Most Recent Measurements of Fukushima Derived Isotopes in the Northeast Pacific Ocean

By Jay T. Cullen

Satellite measurements of ocean temperature (illustrated by color) from July 28th to August 4th and the direction of currents (white arrows) help show where radionuclides from Fukushima are transported. Large scale currents transport water westward across the Pacific. Upwelling along the west coast of North America in the summertime brings cold deep water to the surface and transports water offshore. Circles indicate the locations where water samples were collected. White circles indicate that no cesium-134 was detected. Blue circles indicate locations were low levels of cesium-134 were detected. No cesium-134 has yet been detected along the coast, but low levels have been detected offshore. (Woods Hole Oceanographic Institution)
Satellite measurements of ocean temperature (illustrated by color) from July 28th to August 4th and the direction of currents (white arrows) help show where radionuclides from Fukushima are transported. Large scale currents transport water westward across the Pacific. Upwelling along the west coast of North America in the summertime brings cold deep water to the surface and transports water offshore. Circles indicate the locations where water samples were collected. White circles indicate that no cesium-134 was detected. Blue circles indicate locations were low levels of cesium-134 were detected. No cesium-134 has yet been detected along the coast, but low levels have been detected offshore. (Woods Hole Oceanographic Institution)

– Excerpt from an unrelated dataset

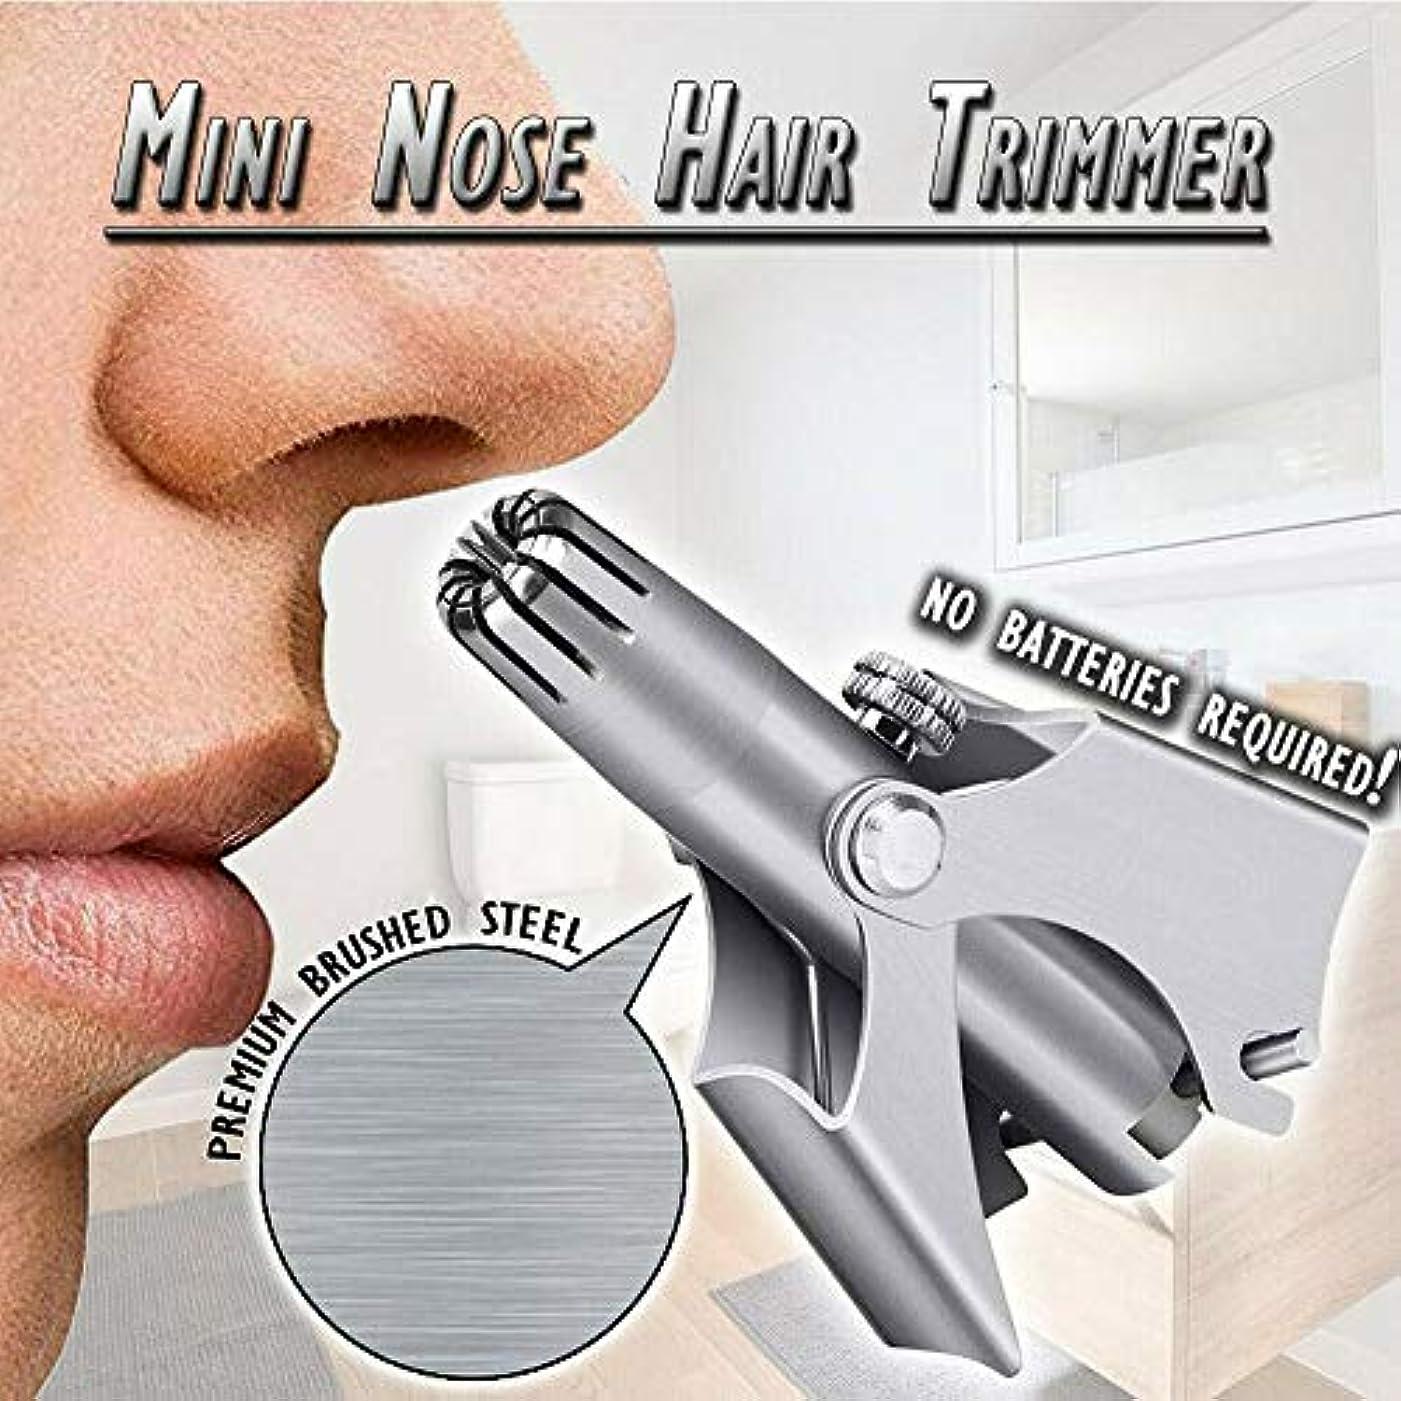 量プロジェクターデモンストレーション機械式手動鼻毛トリマー、ステンレス鋼素材、コンパクトで軽量、100%防水、安全、無痛、ノイズなし。

The purpose of this post is to report on new results coming out the crowd-funded Our Radioactive Ocean program headed up by Dr. Ken Buesseler of Woods Hole Oceanographic Institution. This post is part of an ongoing series dedicated to scientific inquiry into the impact of the triple meltdowns at Fukushima on the health of the North Pacific Ocean and residents of the west coast of North America. Measurements of the cesium radioisotopes 134-Cs (half life ~ 2 years) and 137-Cs (half life ~30 years) were made on samples collected on a transect between Monterey Bay CA and Dutch Harbor AK this summer. Because of its relatively short half life 14-Cs serves as an unequivocal tracer of Fukushima contamination in the environment. Fukushima derived 134-Cs was detected at offshore stations with a maximum activity of ~ 2 Bq/m^3 and total 137-Cs activities of ~7 Bq/m^3 of seawater. Measurements have yet to detect 134-Cs in nearshore waters sampled up and down the North American west coast. These activities of Cs are orders of magnitude below levels thought to pose a measurable risk to human health or marine life, according to international health agencies.


For a primer on radioactivity in the ocean and the units used to discuss radioactive elements in the environment please visit this post.

A press release from WHOI regarding these new results can be found here and details about sampling locations and activities of Cs detected are available here.

At a great majority of sites sampled along the coast and offshore the activity of 134-Cs is below detection limit (~legacy contamination resulting from atmospheric weapons testing in the 20th century. Similar to previous work by Dr. John Smith of the Department of Fisheries and Oceans Canada the presence of the contaminated plume of seawater owing to releases from Fukushima can be detected in offshore stations (150 – 1500 km) with levels of 134-Cs approaching 2 Bq/m^3 and total 137-Cs (bomb + Fukushima) of about ~7 Bq/m^3. These levels of 137-Cs are similar to levels in the North Pacific Ocean that were present in 1990 owing to the combined effects of Chernobyl and weapons testing fallout as shown in the figure below.

Activity of 137-Cs in the North Pacific after Povinec and others (2013) http://www.biogeosciences.net/10/5481/2013/bg-10-5481-2013.html with arrows indicating the impact of Chernobyl, 2008 137-Cs activity in the Irish Sea and 2014 levels offshore of western North America post Fukushima for comparison.
Activities of these isotopes were about 10 million fold higher in coastal waters near the Fukushima Dai-ichi nuclear power plant off Japan in the weeks following the beginning of the disaster in March and April 2011 when rates of release and seawater concentrations were at their peak. Current releases from the plant support seawater activities on the order of 10’s-100’s of Bq/m^3 within 2 km of the plant site. The highest activities associated with the most contaminated seawater from Fukushima are predicted to travel across the North Pacific with prevailing currents and arrive in North American waters between this year and next. These offshore activities of Fukushima derived 137-Cs of ~ 5 Bq/m^3 exceed predicted activities of ~3 Bq/m^3 suggesting that offshore activities are likely reaching near peak values. The measurements being made by the international scientific community will undoubtedly help to improve our understanding of mixing and transport in the oceans.

The activities of radiocesium being detected offshore are well below levels thought to represent significant radiological health risks to marine organisms or residents of the west coast of North America. To this point no 134-Cs from the contaminated plume approaching the coast has been detected in nearshore waters. Ongoing monitoring by programs like Our Radioactive Ocean and its partner program InFORM which are making measurements of contamination in seawater and marine organisms will be key to understanding impacts of the Fukushima on our environment.